> _GOAL OF THE EXERCISE_
Repeat every record below exactly, leaving out the pictures.

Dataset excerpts
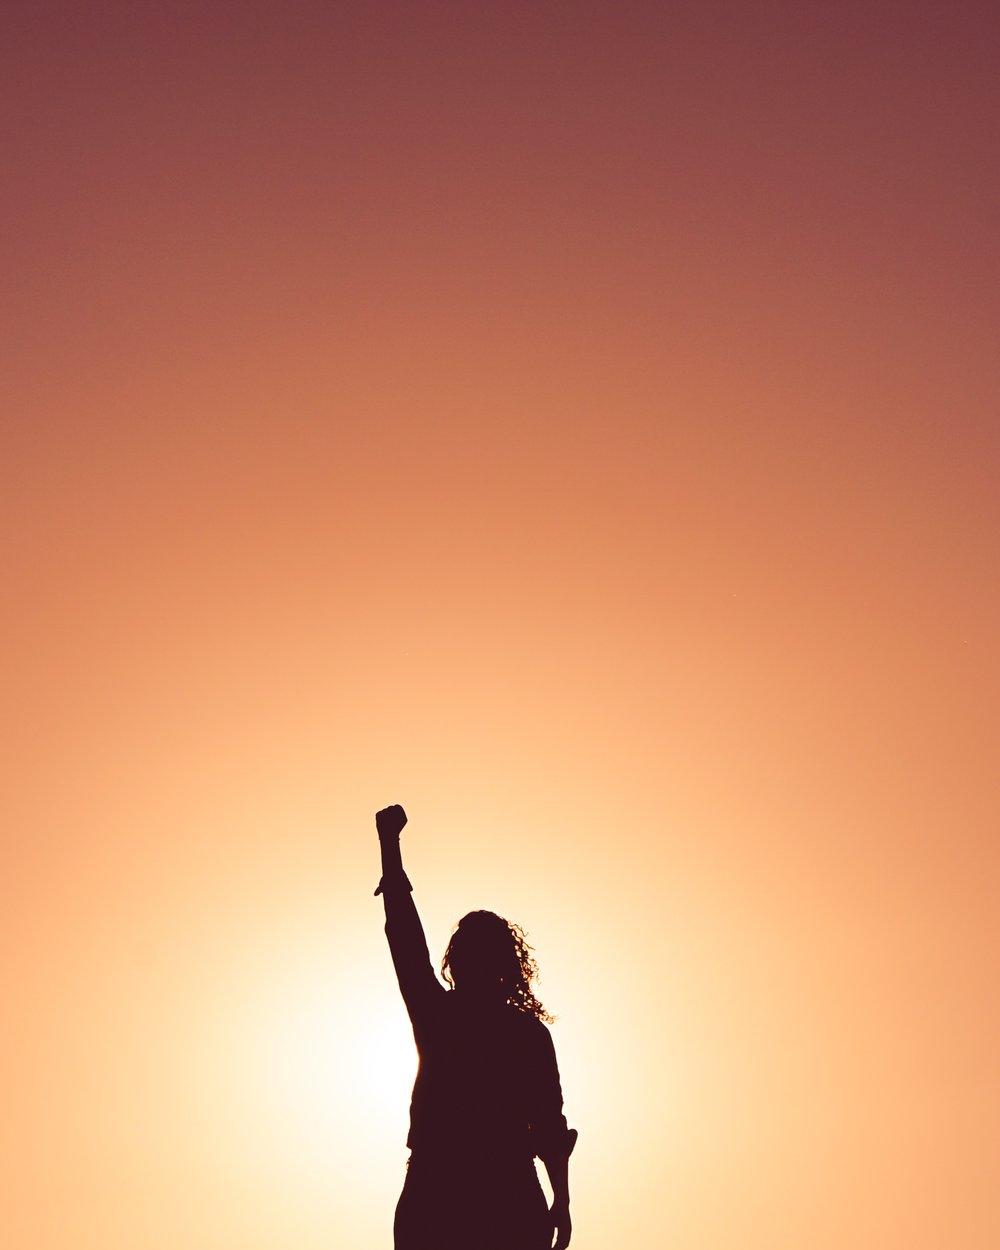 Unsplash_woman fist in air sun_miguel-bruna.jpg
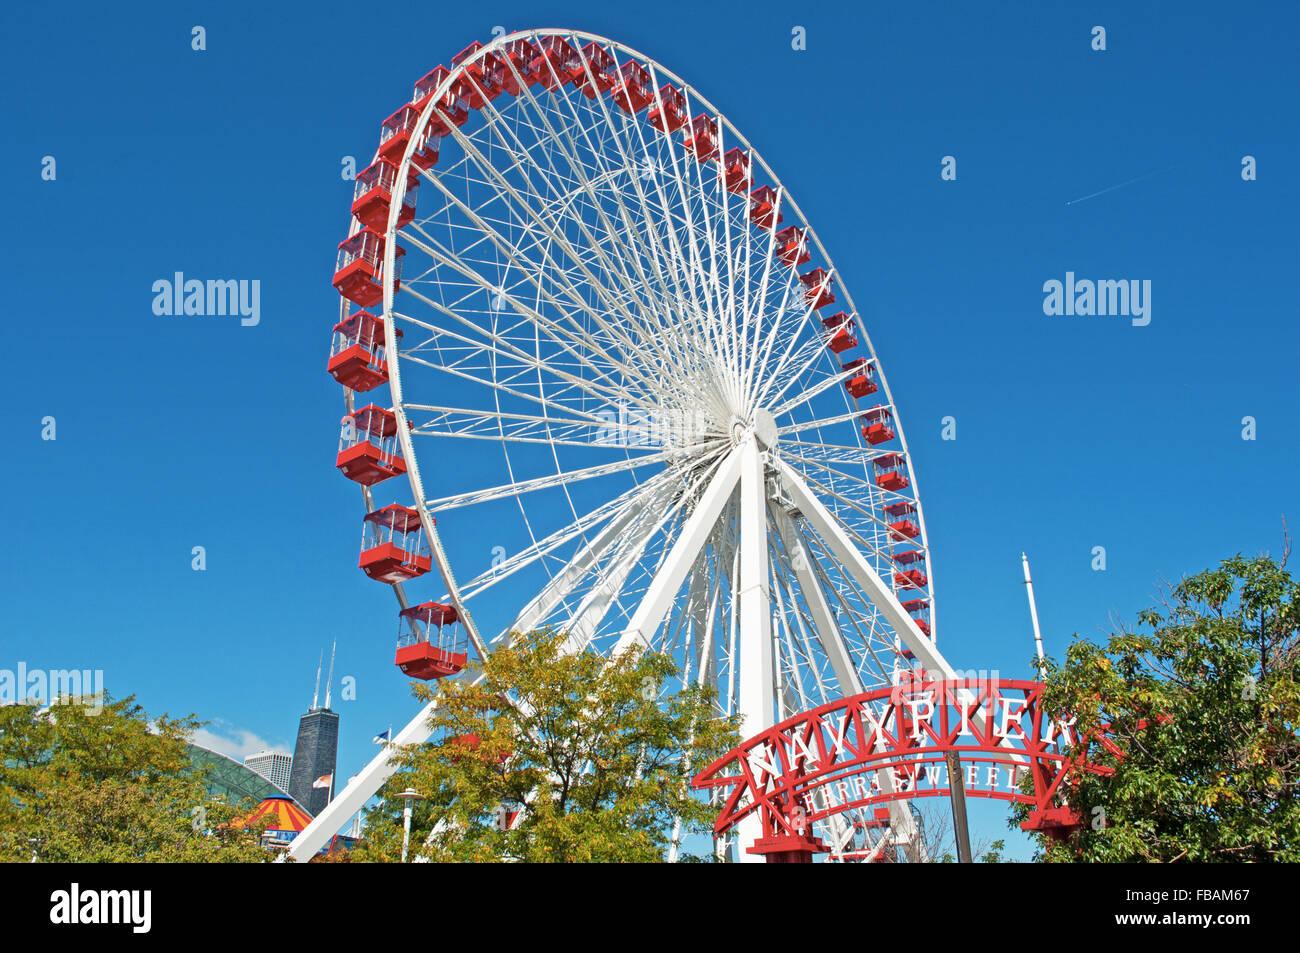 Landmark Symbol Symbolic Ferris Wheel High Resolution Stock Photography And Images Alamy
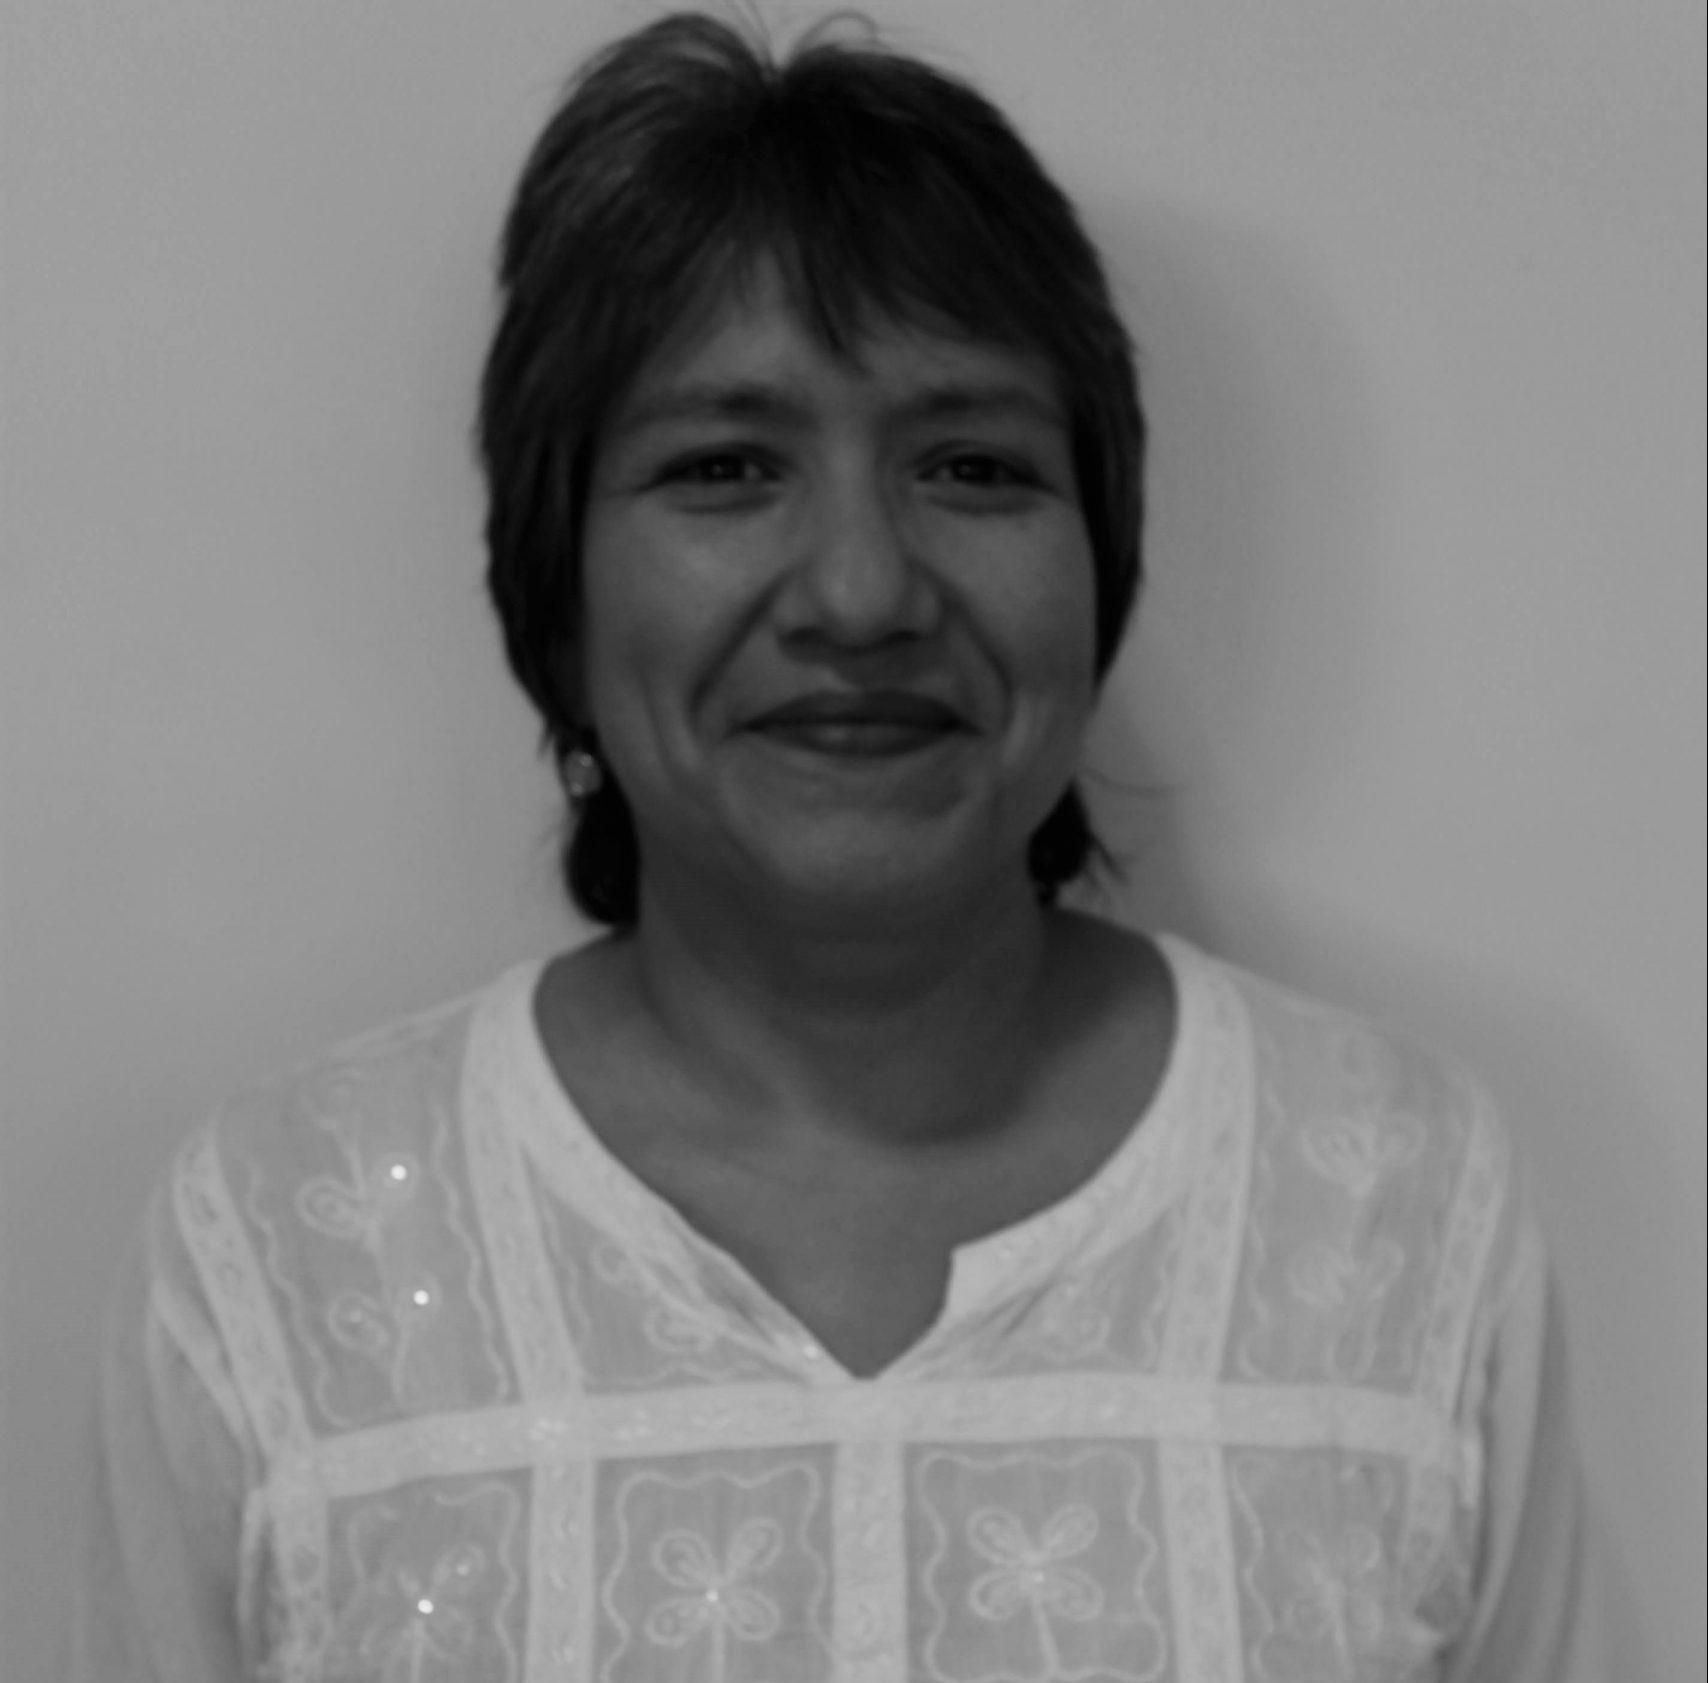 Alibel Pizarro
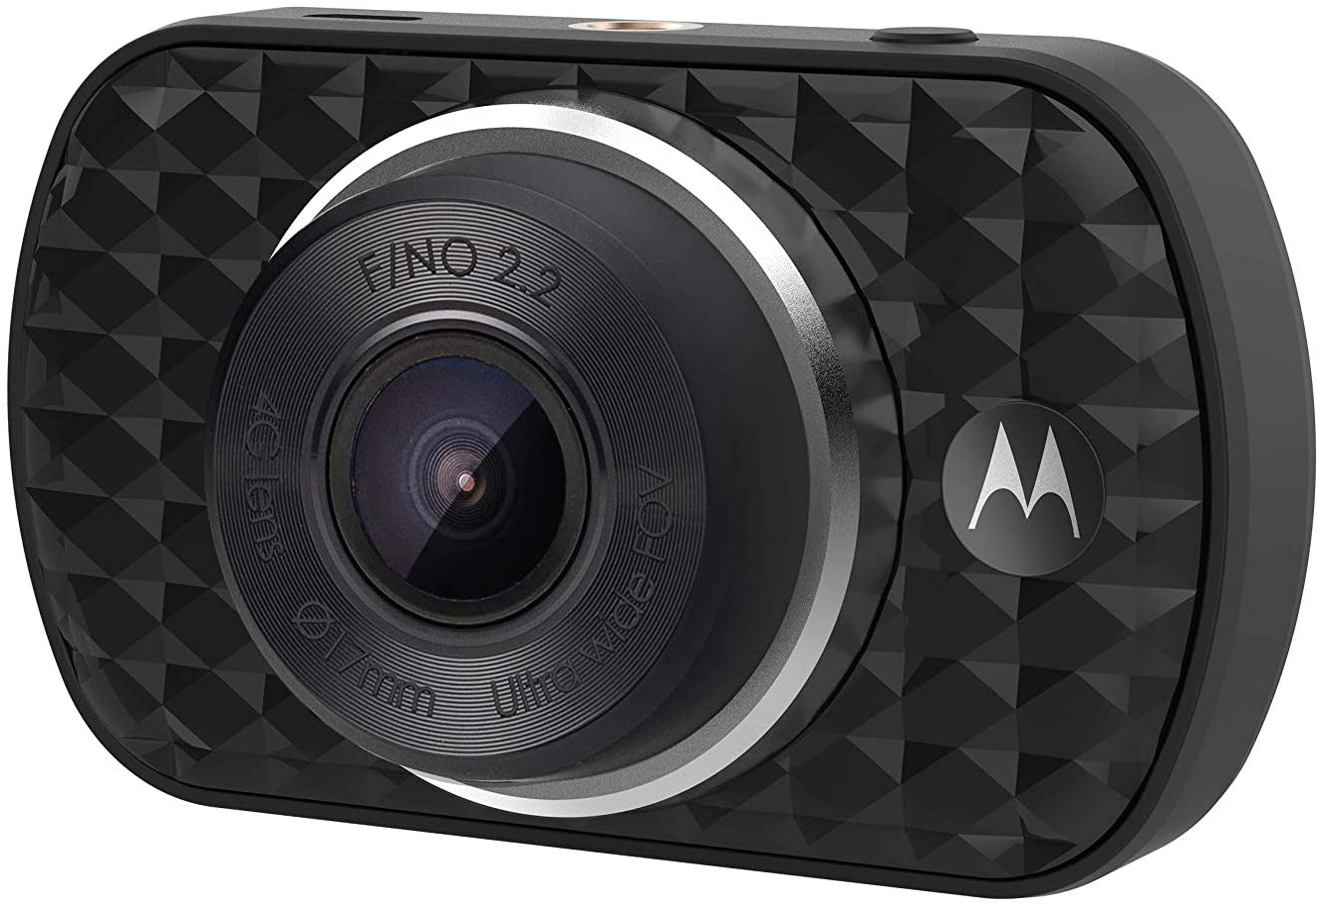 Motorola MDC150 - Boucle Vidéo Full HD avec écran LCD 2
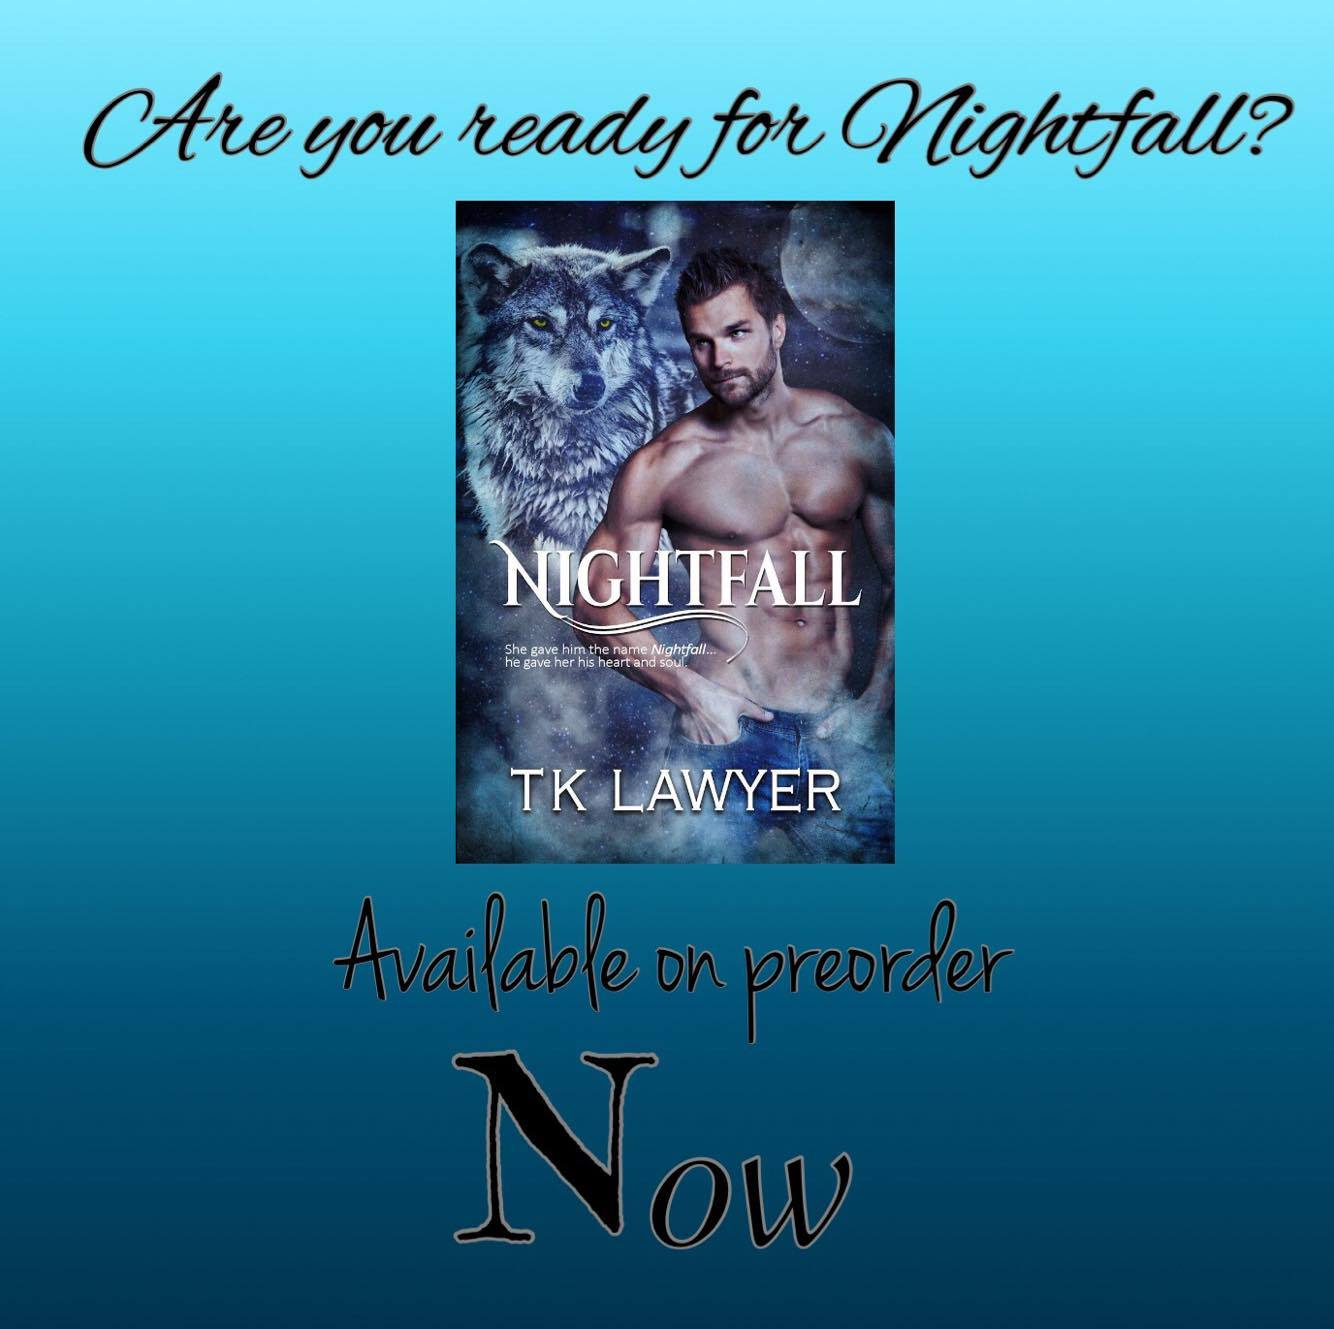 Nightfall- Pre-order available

> _EXPECTED ANSWER_
 Unsplash_woman fist in air sun_miguel-bruna.jpg
 Landmark Symbol Symbolic Ferris Wheel High Resolution Stock Photography And Images Alamy
 Alibel Pizarro
 Motorola MDC150 - Boucle Vidéo Full HD avec écran LCD 2
 Nightfall- Pre-order available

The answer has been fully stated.